I usually have someone in my life who breaks my heart a little bit. Their identity changes, and isn’t really important. What’s important is what they teach me.
Sometimes it’s one who walks away from me rather than toward me when I’m crying. Other times it’s one who cannot seem to find ten minutes to look at a photo I’ve taken or something precious I’ve created – a gesture that would mean the world. Then there’s one who talks over my tales and walks out of the room as I bubble with excitement of what I want to tell them. Or the one who scoffs at emotions they don’t share.
These someones say “I love you” often. They make this sound, this word, ‘love’ a habitual noise, a jumble of the alphabet, whenever they see me.
They say love, in these moments, they don’t DO it.
For all of us, at some time or another, our love for others becomes about our own comfort, rather than theirs. Our self esteem is linked to this love because it defines us “I’m a loving person” we tell ourselves “look what I do for them.” Maybe a lot. But when it’s about us rather than them, it’s self love, so lets not kid ourselves. It’s like buying your very favourite peanut butter for someone with a nut allergy. It’s not what they want, it’s us going through the motions for our own benefit.
“I love you” shouldn’t be a habit, it should be a promise – a promise to stretch yourself to be there for the other person as they want or need you.
Stretching for love feels good, it grows your heart and mind.

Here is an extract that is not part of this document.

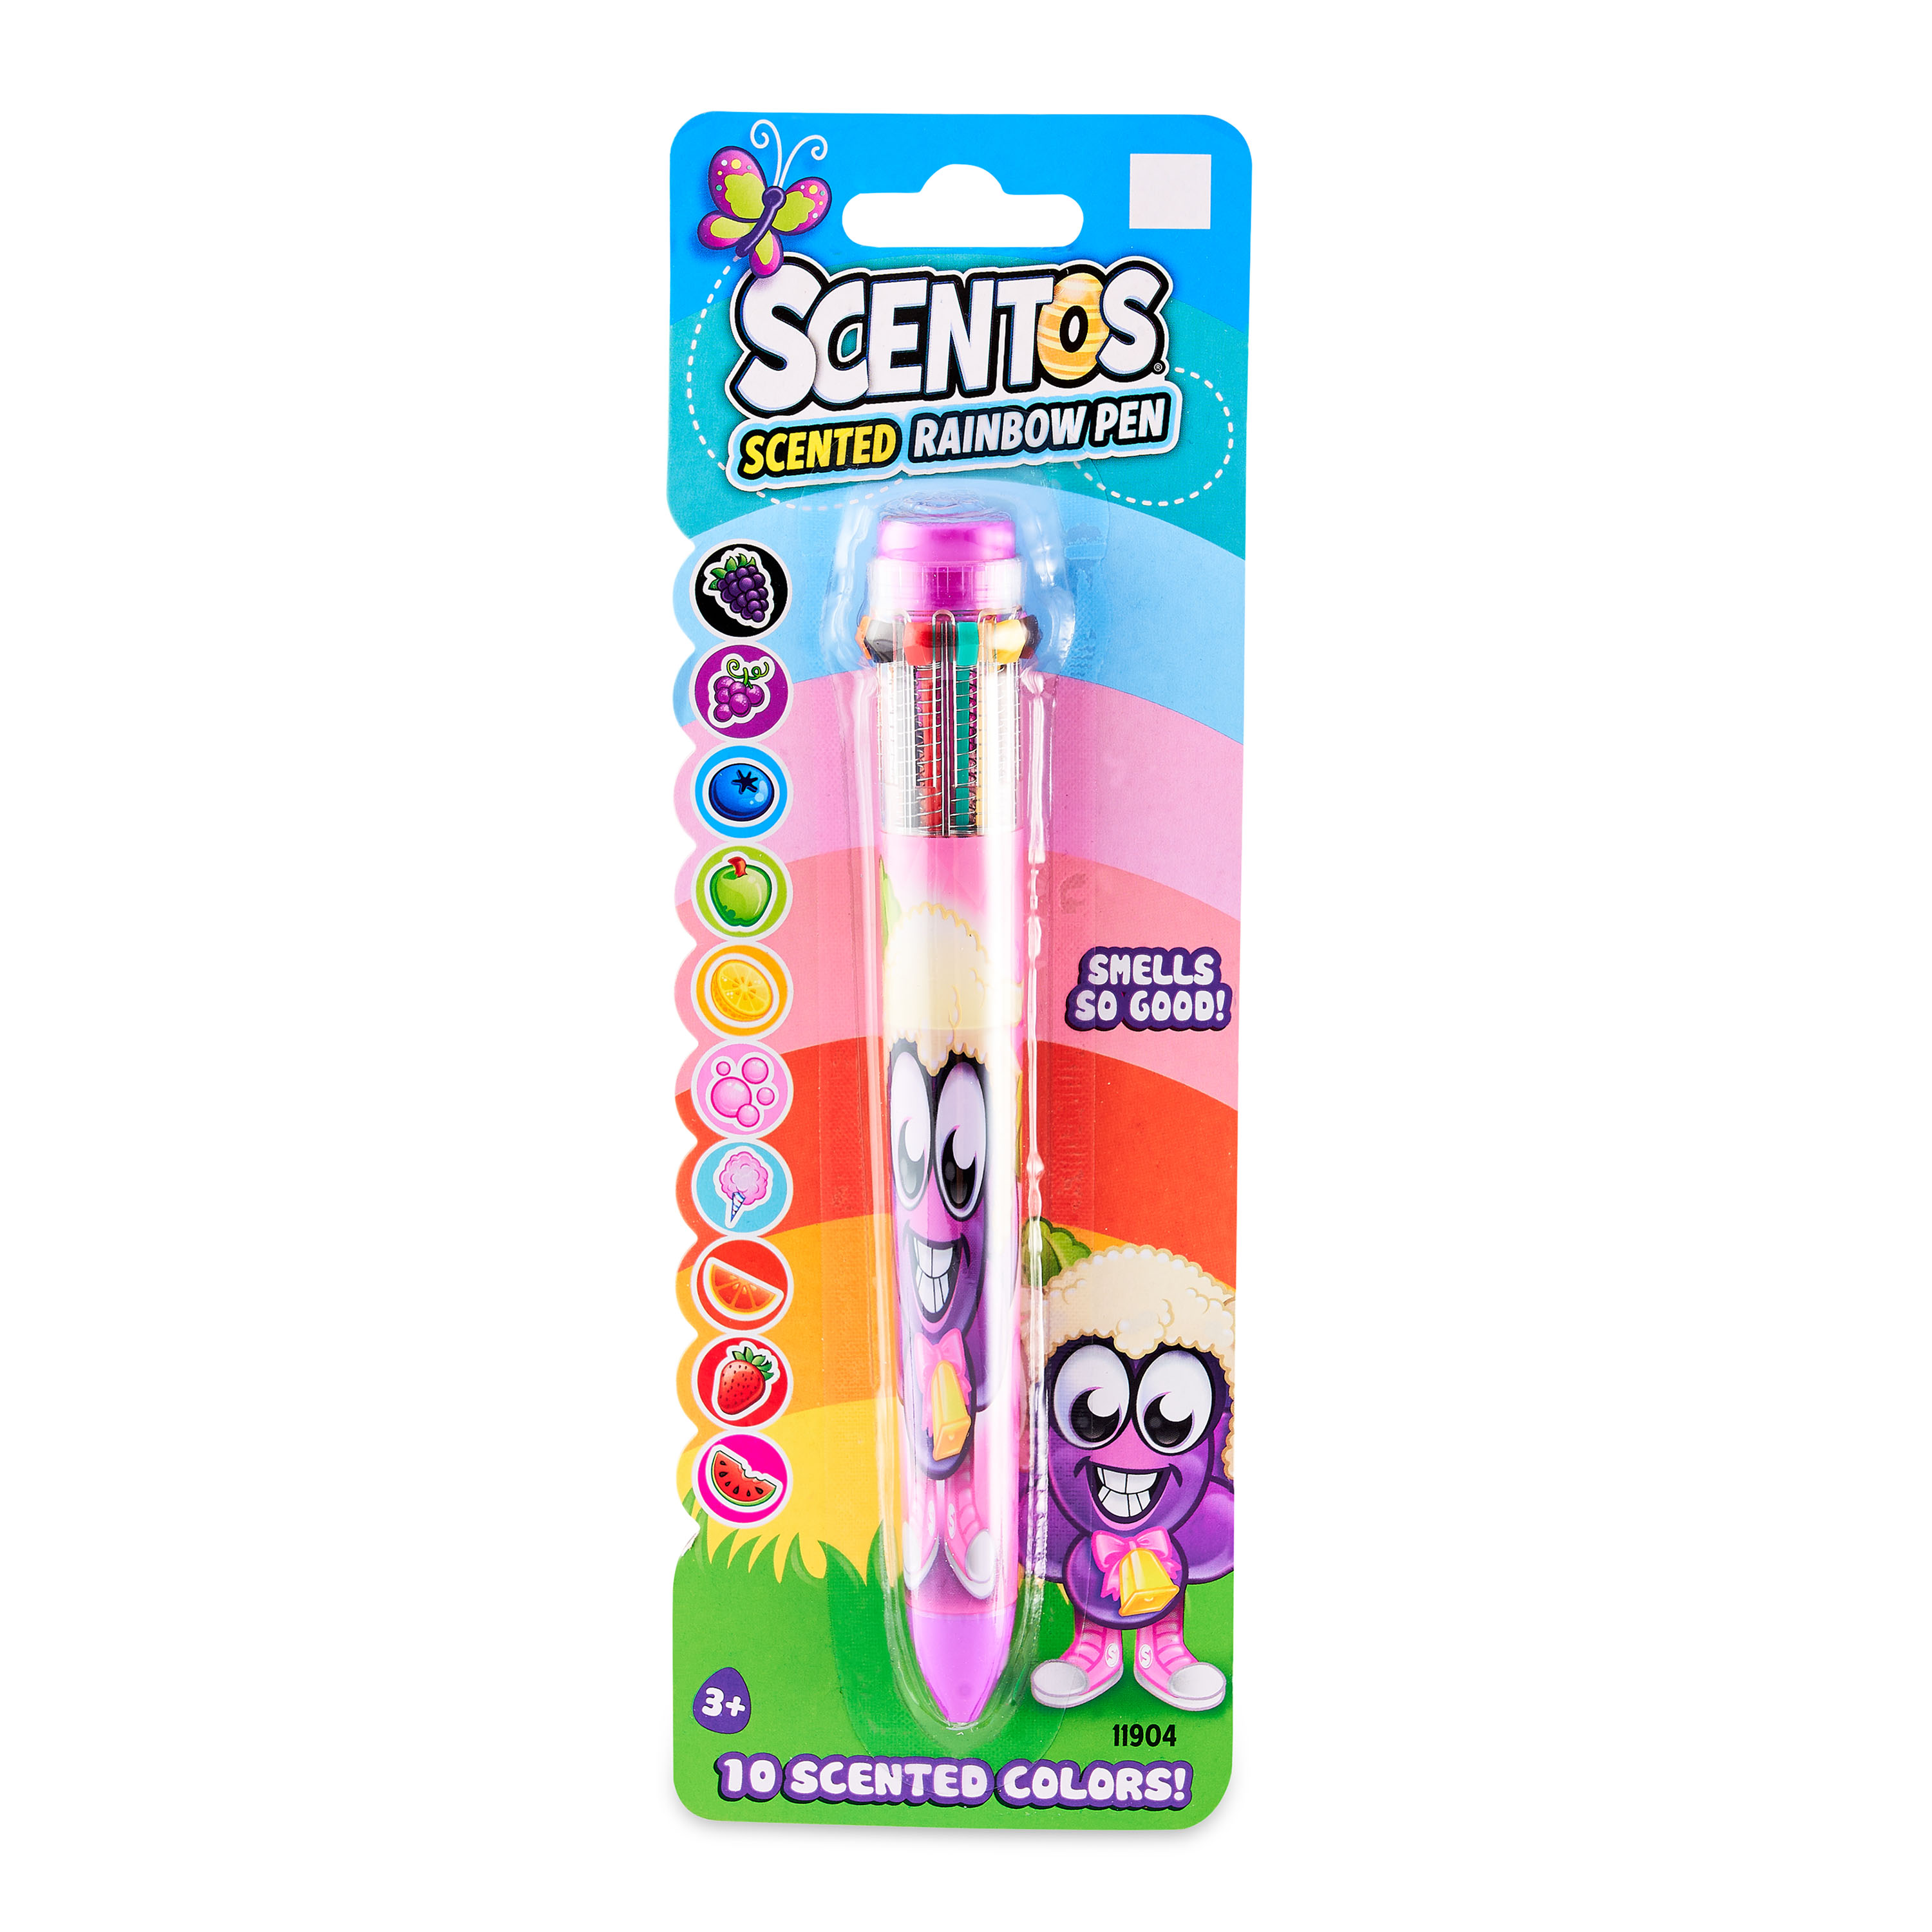 Scentos Easter Themed Scented Ballpoint Purple Rainbow Pen with 10 Colors - Ages 3+, Stationary & Stationary Sets - image 2 of 5

Doing love is different for everyone. It might mean taking five minutes to put on fresh clothes and some lipgloss before your husband gets home, and taking that moment in the frenzy of witching hour with the kids to take a breath when he walks in the door, to smile at him like you see him, wrap your arms around his neck and linger with a kiss even if you’re distracted by the pot on the stove.
It might be asking, rather than assuming, what your friend or partner wants to do with your time together.
It might be listening, really listening.
It might be trying to read your lovers face and moods without words, to become their own intuitive.
Maybe it’s just really taking notice of the ceaseless chatter that is so important to your child. Maybe it’s saying “yes” in place of “I’m busy” when they come to you with wide eyes and open hearts.
It might be listening to a song with someone you love, to feel how the music talks to their soul.
Maybe it’s digging your heels in and staying grounded in moments your head is in the clouds, because your I love you can be the gift of your absolute presence.
It’s keeping ‘love’ as a verb, as it should be.
I used to believe the saying “Just because someone doesn’t love you the way you want them to doesn’t mean they don’t love you with all they have”. In a way it’s true, but it forgets something – everyone, every single one of us makes a choice in every moment. Every one of us is capable of more.
So today, I’m going to make mistakes, I’m not going to get everything right, but I’m going to DO love. With every cell of my being I’m going to stretch myself for my family. I’m going to listen to those Lego tales, marvel at drawings, mirror the excitement in my babies eyes as he finds a particularly exciting leaf.
And I’m going to take this gift those someones have given me that I called disappointment and turn it into something beautiful – an ‘I love you’ that I say with my actions.